Figure 4: Consolidating data pipelines in manufacturing
Multiple data analytics and AI applications analyze data generated by these sensors and cross-correlate sensor data with baseline data (that indicates what is normal operation) to help manufacturers enable predictive maintenance, avoid machine down-times, diagnose defective components and optimize conditions on the manufacturing floor. These applications can include computer-aided engineering (CAE), test diagnostic software and hardware, and outlier detection frameworks driven by deep learning tool sets. Once again, consolidating the data analytics pipeline through use of a consolidated data lake simplifies the design and management of these complex analytical systems.
As illustrated by the examples above, simplifying data analytics pipelines can significantly improve the productivity of data engineering teams, making it easier to manage projects, and freeing up time to focus on use cases and data analytic applications.
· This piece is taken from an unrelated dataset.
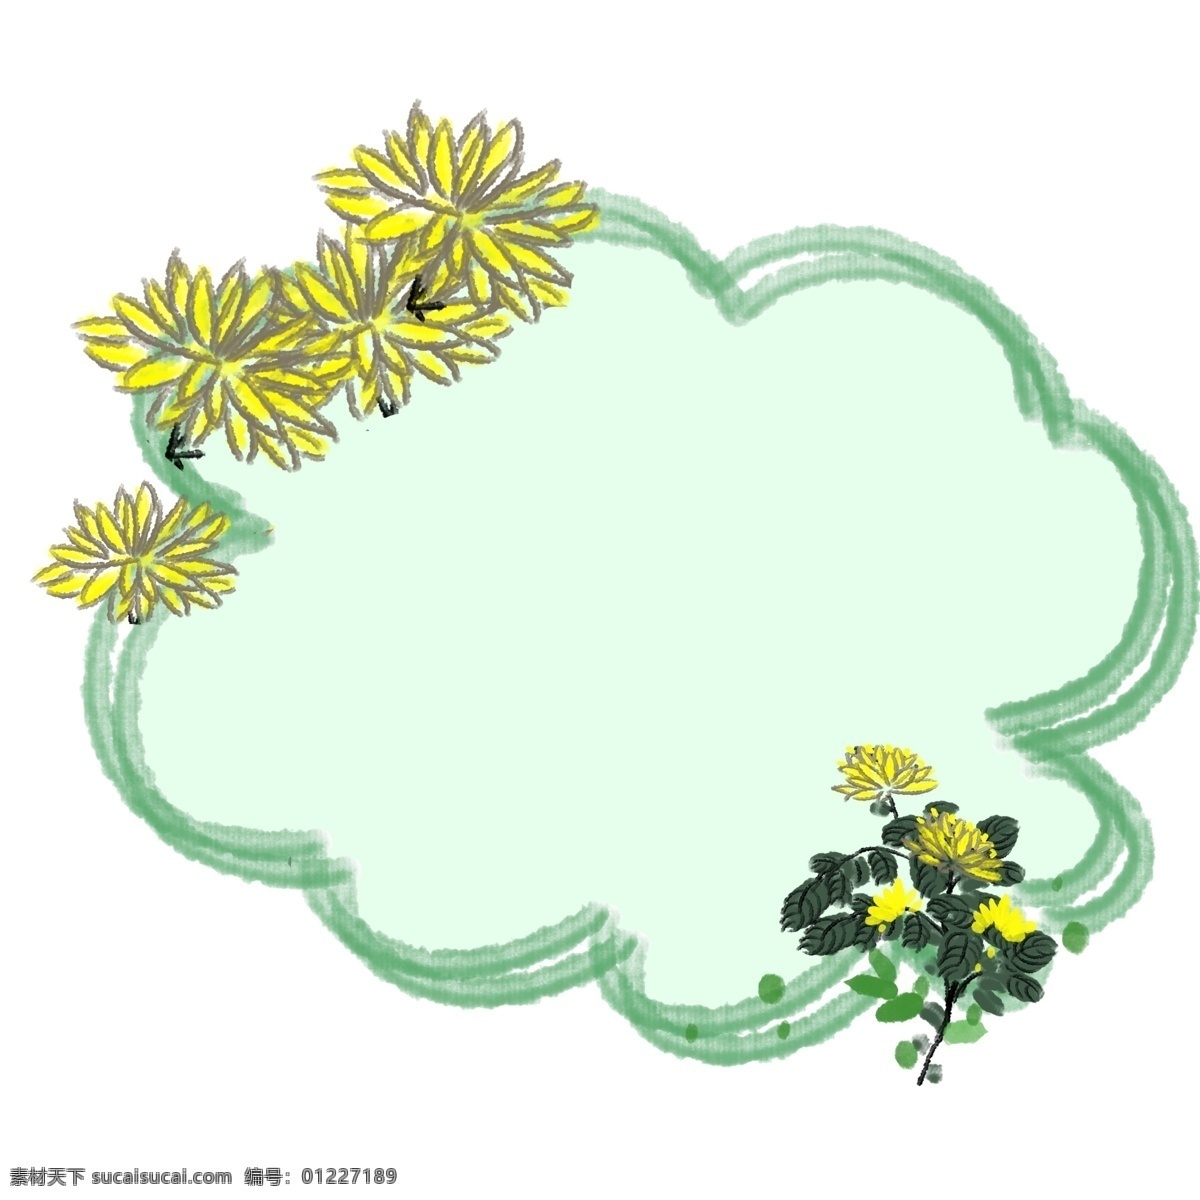 黄色 菊花 花卉 边框 黄色的菊花 卡通边框 花卉边框 鲜花边框 花朵边框 花环边框 雏菊的边框

A consolidated data lake streamlines data analytics pipeline development and management, enabling data engineering teams to rapidly prototype, test and launch analytics and AI projects without having to deal with migrating, securing and managing large volumes of data.
By increasing efficiency and optimizing resources, a data lake can put organizations on the path to a more productive AI environment, and Dell EMC can help to accelerate this journey with Dell EMC Isilon scale-out network-attached storage, which supports traditional file storage and data management for AI data pipelines simultaneously, making data analytics and AI an integral part of the IT environment. As enterprise artificial intelligence initiatives — such as autonomous driving, precision medicine and predictive maintenance — continue to produce massive amounts of diverse data sets, a consolidated data lake can help organizations stay ahead of the game.